My love story is also my testimony, Revelation 12:10-12.  It’s the story of how the Light of Truth exposed and then transformed my wrong thinking.  This is the story of the freedom I have from the bondage of my destructive actions as I learn walk in the Way to Life.
Looking back, I can see my insecurities and ego had full reign.  It wasn’t until I learned to humble myself that I found my security in God’s Love.  This doesn’t mean however that my insecurities just laid down and died.  On the contrary, attempting to turn from what had control over me only made me aware of the struggle.  I now see my ego as the enemy, continually attempting to regain control.  I’ve learned that it’s the persevering that strengthens and matures, James 1:4 .
It was during a literal and spiritual struggle that God changed the meaning of Jacob’s name to Israel, Genesis 32:28Genesis 35:10, One who struggles and overcomes.

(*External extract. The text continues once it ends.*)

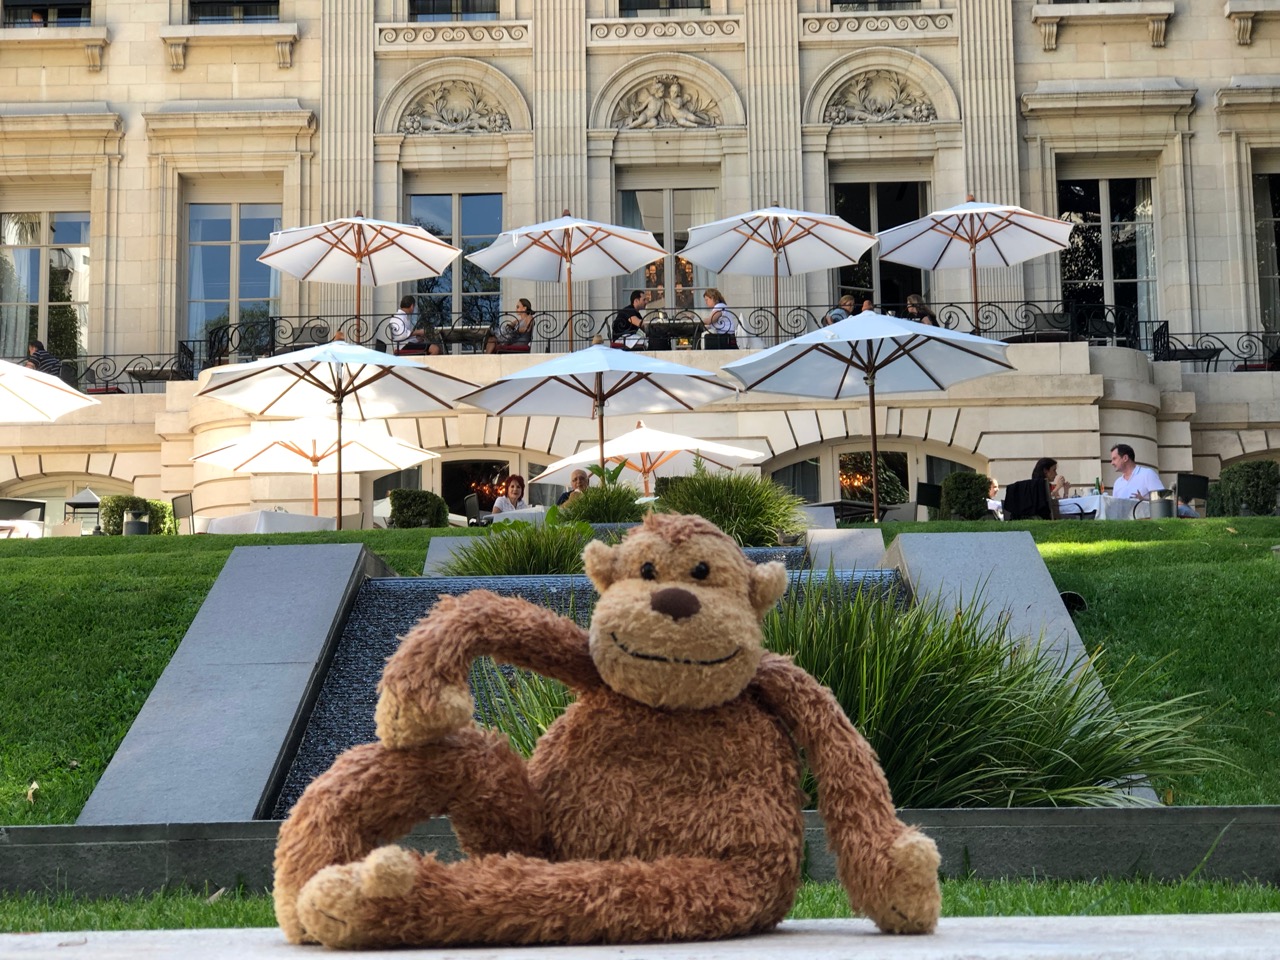 a stuffed monkey sitting on a stone ledge in front of a building with white umbrellas
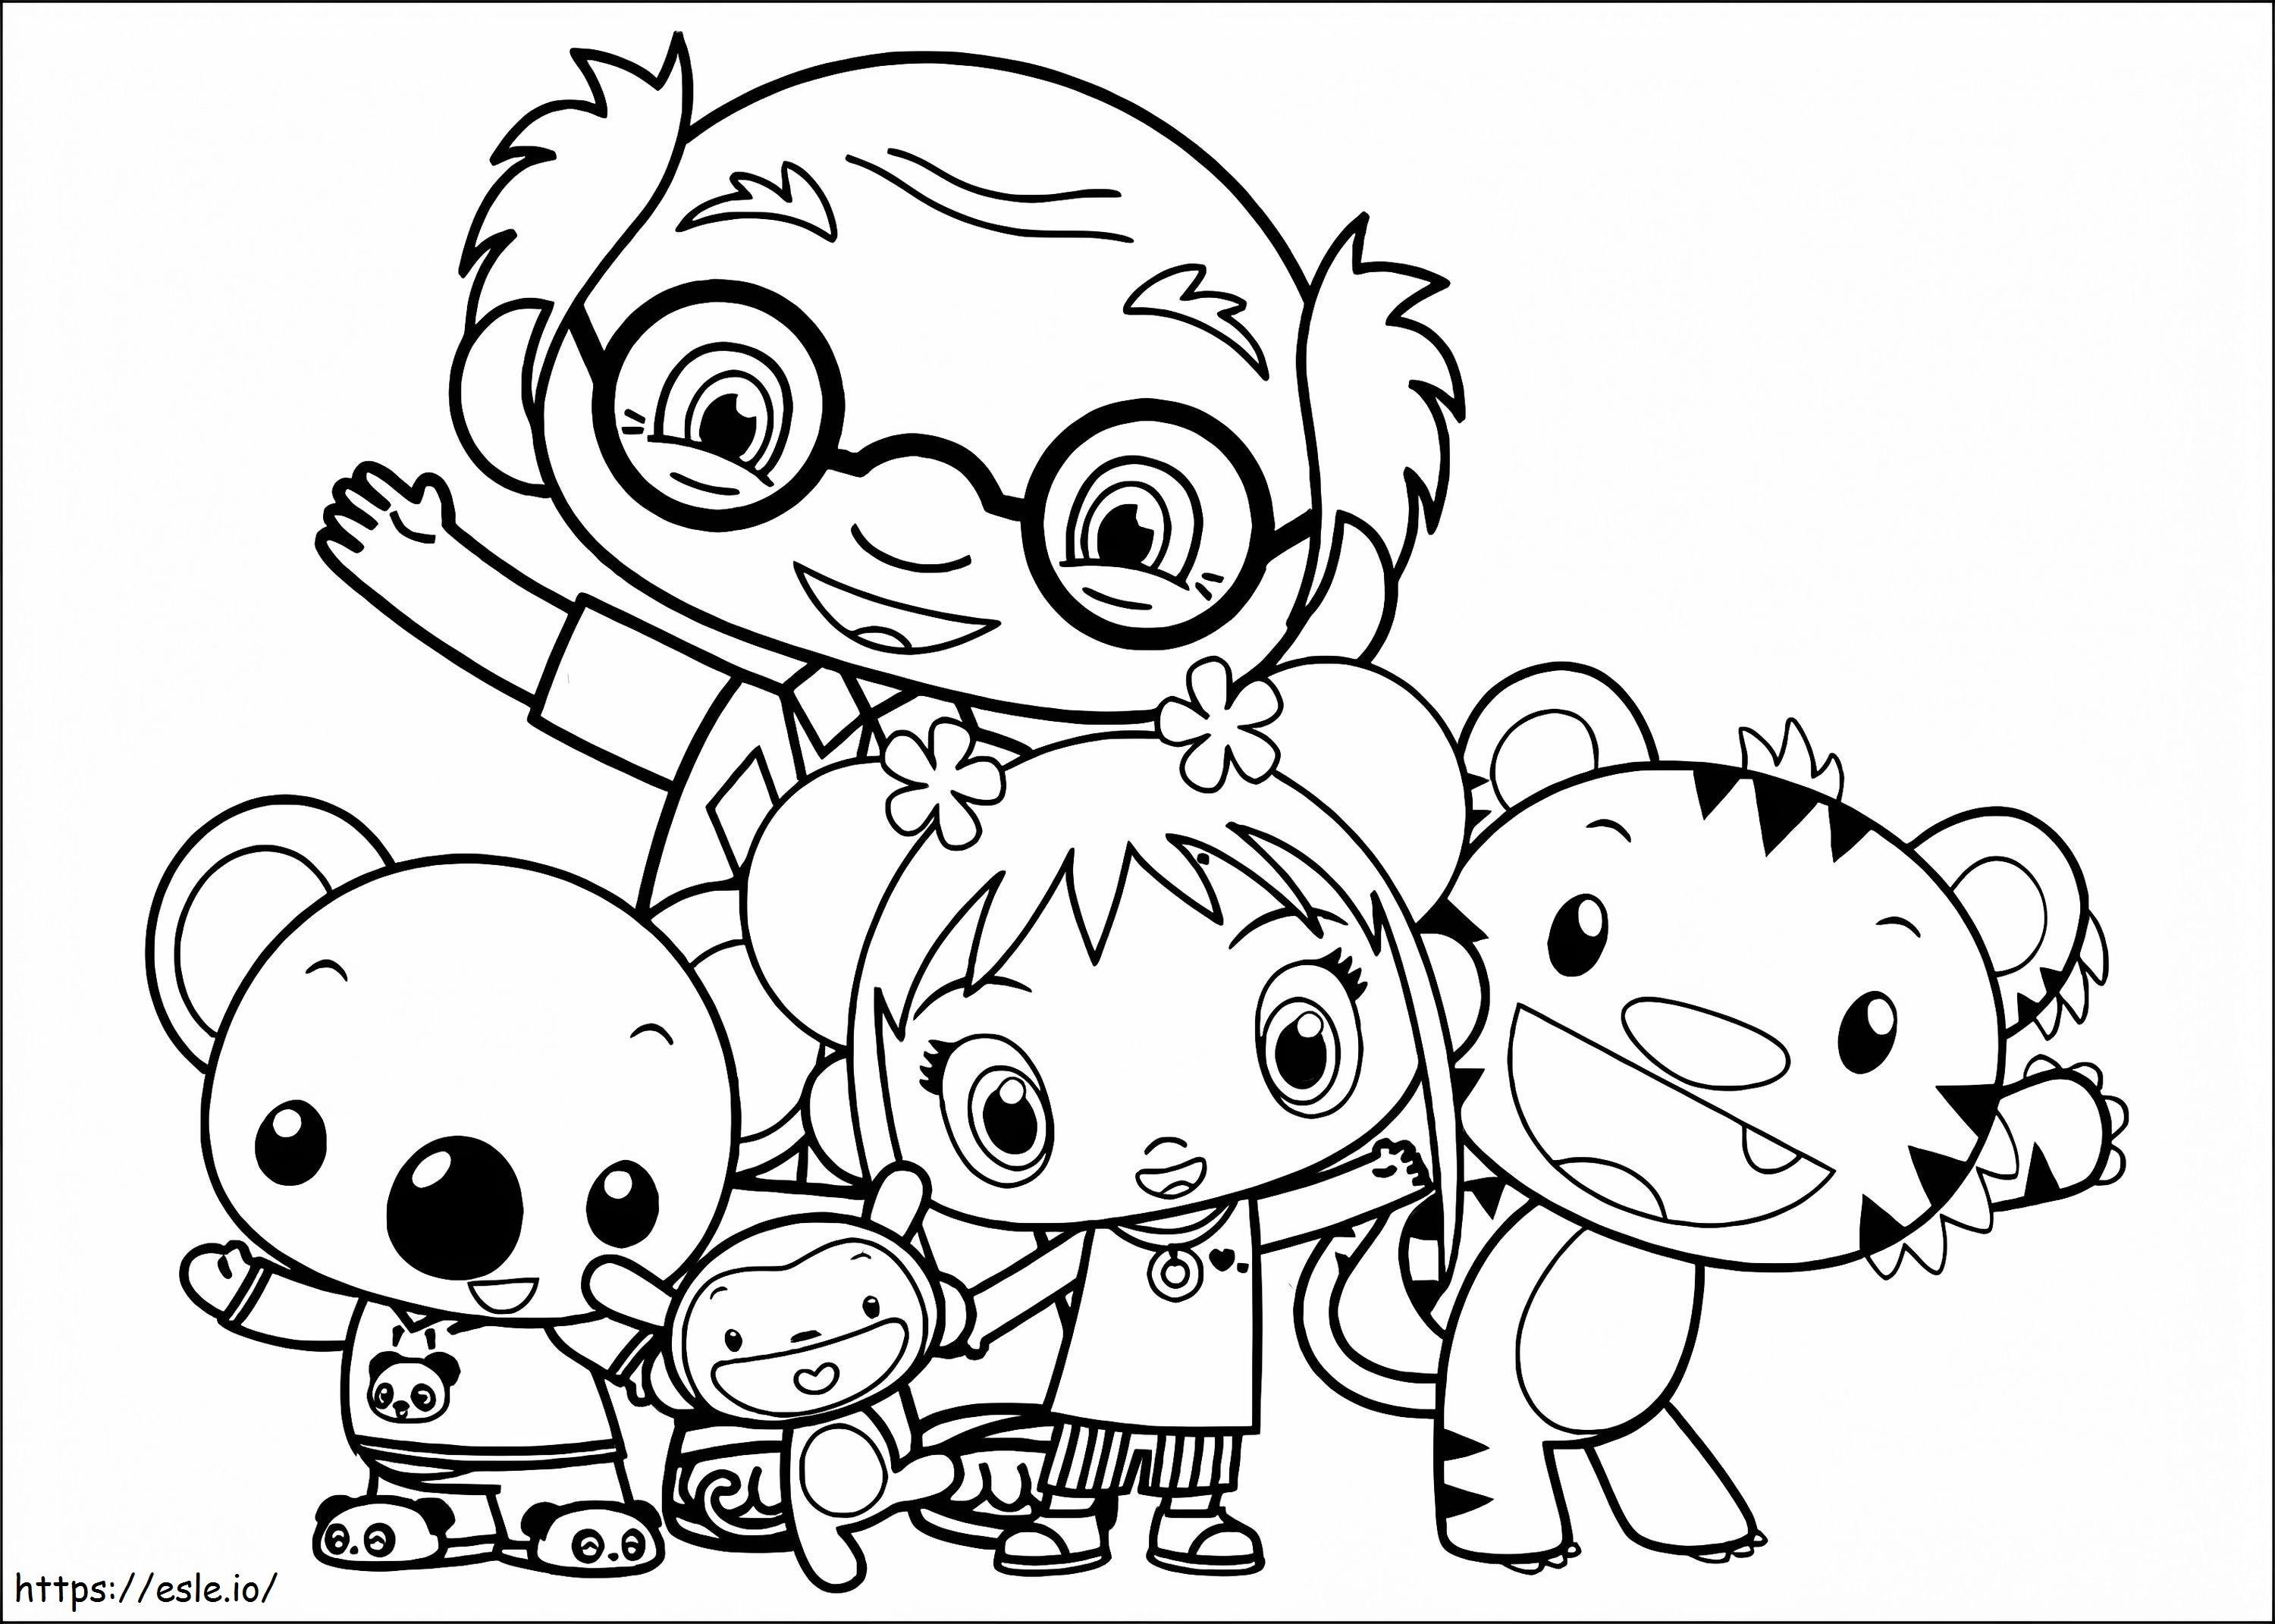 Characters From Ni Hao Kai Lan coloring page

To Those who Overcome, Revelation 15:2

I wanted to know how to overcome like those who did not love their life or shrink back from death, Revelation 12:11  Y’shua’s overcame and this was His testimony  before Pilate, “…for this reason I was born and for this reason I came into the world, to testify to the Truth…” John 18:37
The religious leaders, those who had the scriptures memorized, did not recognize the Incarnate Truth.  The Eternal One the Scriptures testified about, John 5:39Isaiah 9:16; (Isaiah 7:14; John 1:14) were blind to the Truth because of their ego’s, Psalm 10:4.
To Testify to the Truth
   There is a reason each one of us is born into this life, a much bigger picture than our limited view is even capable of imagining.  Somewhere beyond our finite logic and five senses.  There’s a spiritual wisdom that is so contrary to our ego and our own way.  It goes against every fiber of our human nature and teaches us to completely humble ourselves in reverence to an Awesome, Unseen, Mighty, Fierce, Fearsome, Wonderful, Compassionate and Merciful Creator Who Loves each and every one of us exactly the same.
My Story
That leads me to begin my own unique story.   As a child I had a strange goal, not to go to Disneyland but to be baptized into the Christian faith.  I call this a good example of reverse psychology since the biggest reason for my desire was being told I had to wait until I was eighteen.  My Aunt had taken me to church on Sundays from the time I was about four years old and I had two grand-mothers who influenced me.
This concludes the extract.